Fine-particle emissions spike in the days after New Year’s celebrations, according to Germany’s federal office for the environment: Fireworks lit on just one day each year amount to as much as a quarter of the particle emissions given off yearly by all wood-fires in the country.

Under the banner of “Silvesters for Future,” a nod toward the Fridays for Future movement launched by Greta Thunberg, the Swedish environmental activist, Mr. Resch’s group contacted 98 areas with higher than average particle measurements and asked them to change their New Year’s Eve tradition.

Thirty-six communities wrote back promising to make alternative arrangements for the celebration, if not this year then sometime in the future.

The federal government is also considering changing a law that would allow cities the autonomy to ban the use of private fireworks altogether.

“One of the biggest changes is the awakening of the youth on this issue,” said Mr. Resch, who described a yearslong debate about the issue.

A poll conducted by the research firm YouGov for the German RND news service showed shifting attitudes, with 57 percent of respondents saying they thought a ban was a positive idea.

Another poll, conducted by YouGov last year, indicated that 61 percent of people polled thought fireworks should be forbidden in dense city centers, and 86 percent felt the tradition produced too much garbage.

Private fireworks have a long-established history in Germany, where they’ve been at the core of Silvester celebrations for years. Many Germans spend hundreds of euros on their own private firework displays.

The German Pyrotechnic Industry Association, a trade group that has represented firework makers since the 1960s, estimates that last year roughly 130 million euros were spent on legal fireworks in Germany.

Under the current rules, fireworks can be sold on the three business days preceding New Year’s Eve, though two major German supermarket chains and a home hardware business recently announced plans to phase out or reduce fireworks sales.

The fireworks can be legally lit only on Dec. 31 and Jan. 1, although in big cities the characteristic bangs can be heard several days before and after that time.

Klaus Gotzen, the director of the German Pyrotechnic Industry Association, said that safety has always been a priority for the group, but the conversation around fireworks is changing.

“This year there is a bigger discussion about the meaning of the tradition as such,” he said.

“For the vast majority of people using fireworks it’s about the feeling of joy and the feeling of sharing joy — it’s about a feeling of community,” he said in a telephone interview.

Still, the discussion about limiting what some say is an essential part of the New Year’s celebration exposed the usual rift between progressives and conservatives.
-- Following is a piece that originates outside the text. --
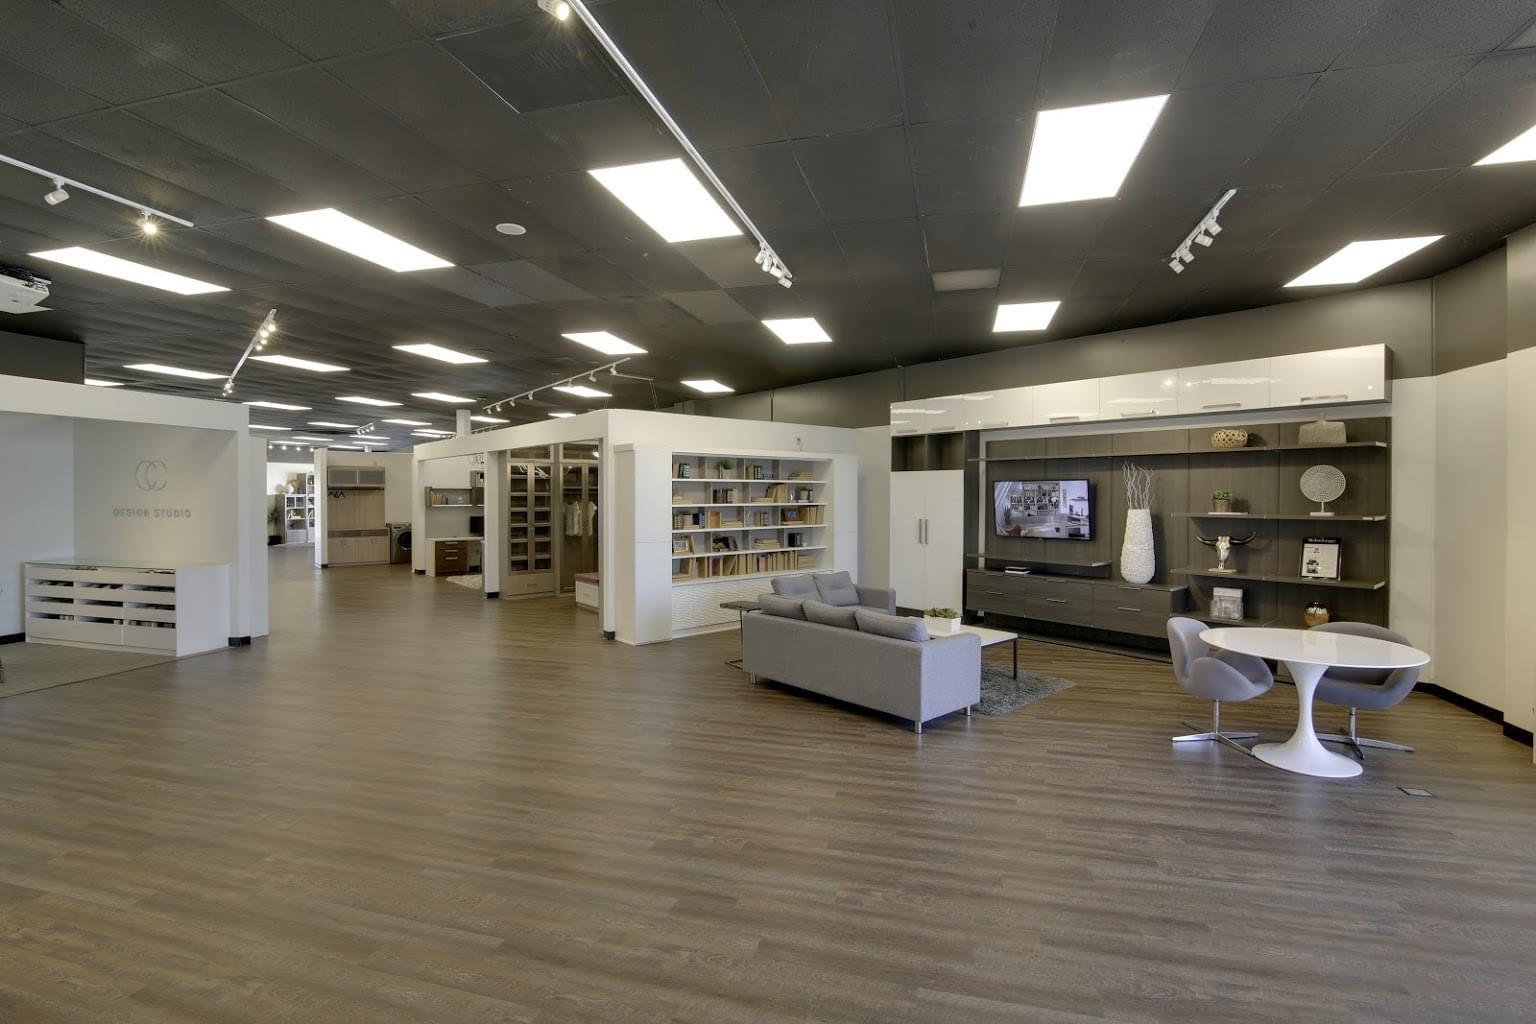 California closets interior designer in san diego ca - San diego interior design center ...

These groups last found themselves at odds over another New Year’s Eve tradition when lead was banned in 2018 from use in the traditional “Bleigiessen” — a fortune-telling game that involved pouring molten lead into a bowl of cold water.

A former publisher of the conservative Frankfurter Allgemeine Zeigung, Hugo Müller-Vogg, suggested in the online version of a newsmagazine, FOCUS, that the changing rules around fireworks might actually cause people to spend more money on fireworks and film this year’s rituals.

“So that one can show one’s grandchildren what once was — a happy Silvester celebration,” Mr. Müller-Vogg wrote.

Let's block ads! (Why?)



"new" - Google News
December 31, 2019 at 12:55AM
https://ift.tt/2ZADPVq

Fireworks, Long a German New Year’s Eve Tradition, Are Losing Their Luster - The New York Times
"new" - Google News
https://ift.tt/2pfq8gY
Shoes Man Tutorial
Pos News Update
Meme Update
Korean Entertainment News
Japan News Update

Bagikan Berita Ini

0 Response to "Fireworks, Long a German New Year’s Eve Tradition, Are Losing Their Luster - The New York Times"

Post a Comment

Powered by Blogger.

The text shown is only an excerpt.